I’m in the market for a new workstation and with the latest release of the 3 series chipsets from Intel the market has been flooded with a magnitude of new and exciting options, but be careful, as I found not all seems as it appears.
After checking several manufacture website and reviews I found this little beauty, ABIT IP35 Pro. The IP35 Pro is ABIT’s top line motherboard built around the Intel P35 chipset, which supports today’s latest processors and has the ability to address 8 GB of memory (about time really, Windows x64 here I come), sure to keep any enthusiast happy… Well that’s what I thought until reading this review.
"...a few corners cut, for example while the board does offer dual Gigabit LAN controllers both use the PCI bus."
First off, PCI should be taken out the back and shot! The devices I am interested in are all available on PCI Express interfaces. I consider PCI to be an obsolete architecture and, short of the backwards compatibility argument, the only reason we keep it around is because the devices are cheap.
So why is PCI (in particular PCI revision 2.3 – 32bit, 33MHz, as found on the Intel ICH9) dead to me? Bandwidth - with HD DVD/TV, Dolby 7.1, DirectX 10 Graphics cards and Gigabit demanded for the media rich experience on computers these days device interconnectors limited to 133MB/s just seems daft! The math is simple – there just isn’t enough room to move all that data around, look at the diagram below?
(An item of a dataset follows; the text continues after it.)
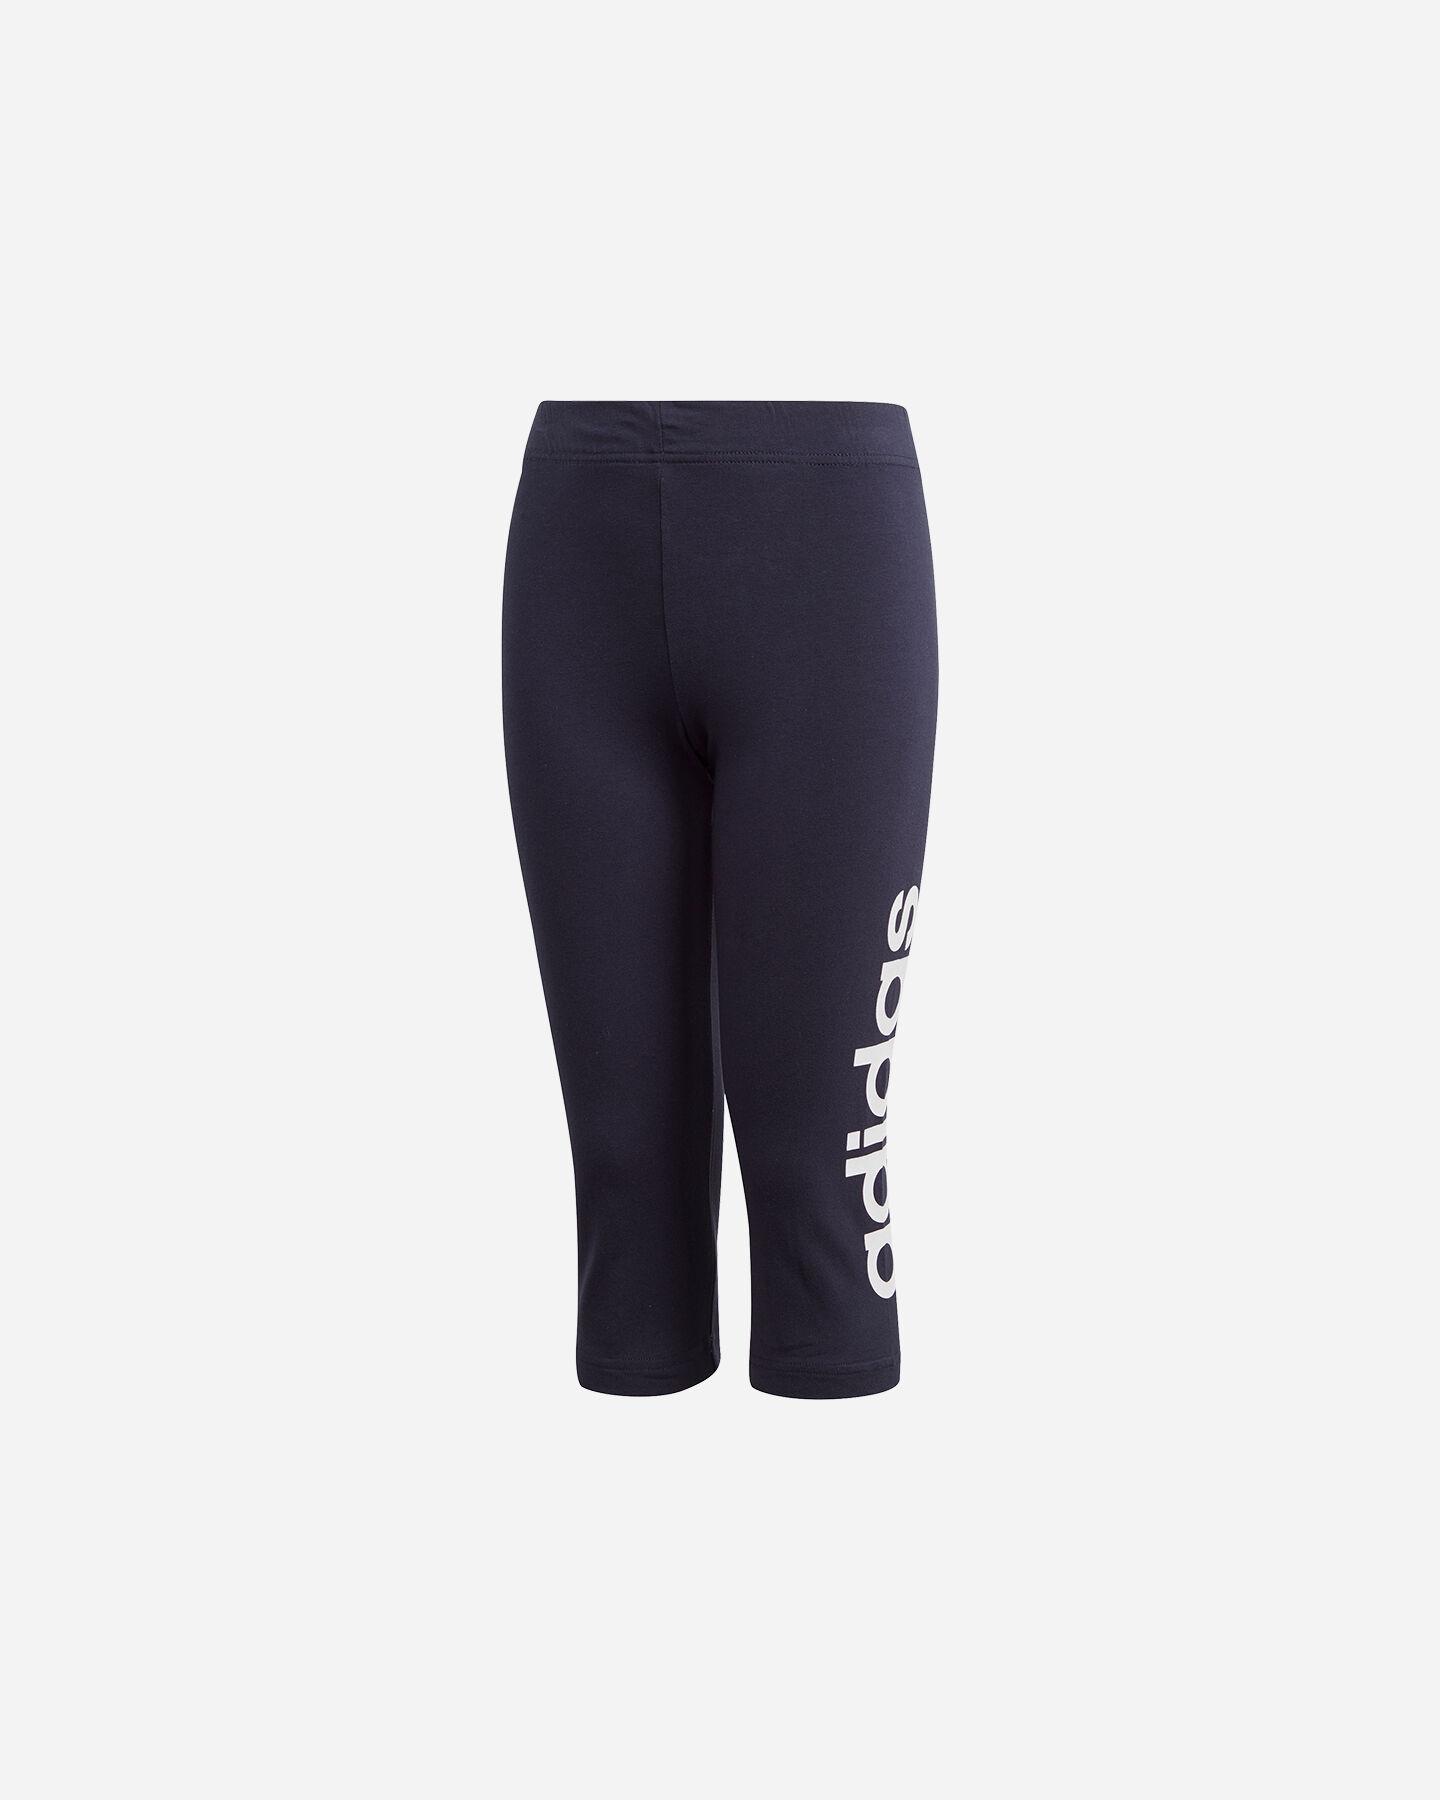 vendita calda online 985c6 4f235 T Shirt Piumini Pantaloni E Costumi Da Bambino Bambino ...

You could argue that bottlenecks on other interfaces would be reached, disk transfer speeds, before you see limits on PCI devices, however with the ability to address 8 GB of RAM and high-performance SATA RAID controllers coming down in price the limiting factor in system performance is already PCI devices.
What are your options if you ‘must’ keep that SLI Voodoo2 setup in your system? PCI-X. PCI-X is an enhanced version of PCI, it has a 64bit bus and supports speeds of 133MHz giving it a total bandwidth of 1064MB/s. PCI-X has backwards compatibility for most 3.3Volt PCI cards but don’t think you will get any higher frame rates due to the 64bit bus or increase speed of the bus, you will still be limited by the PCI card. Currently the only 3 series Intel chipset available with PCI-X is the Supermicro C2SBX which is built around the Intel X38 chipset and only supports DDR3 memory.
The ABIT board I have attacked in this post is not alone. Really the issue here is with the chip ABIT and other manufacturers use to provide on-board controller network, the Realtek RTL8110SC. This chip is designed to only connect to a PCI bus which means that, not only does the existing P35 offering from ABIT suffer from this problem, but the new ABIT IX38-Max, ‘workstation’ class motherboard, the will have the same problem, along with other manufactures such as ASUS, Gigabyte and Foxconn.
For the moment I am still undecided which motherboard I will finally purchase for my new rig, hopefully I will find one with no PCI interfaces at all, somewhat of a pipe dream I feel.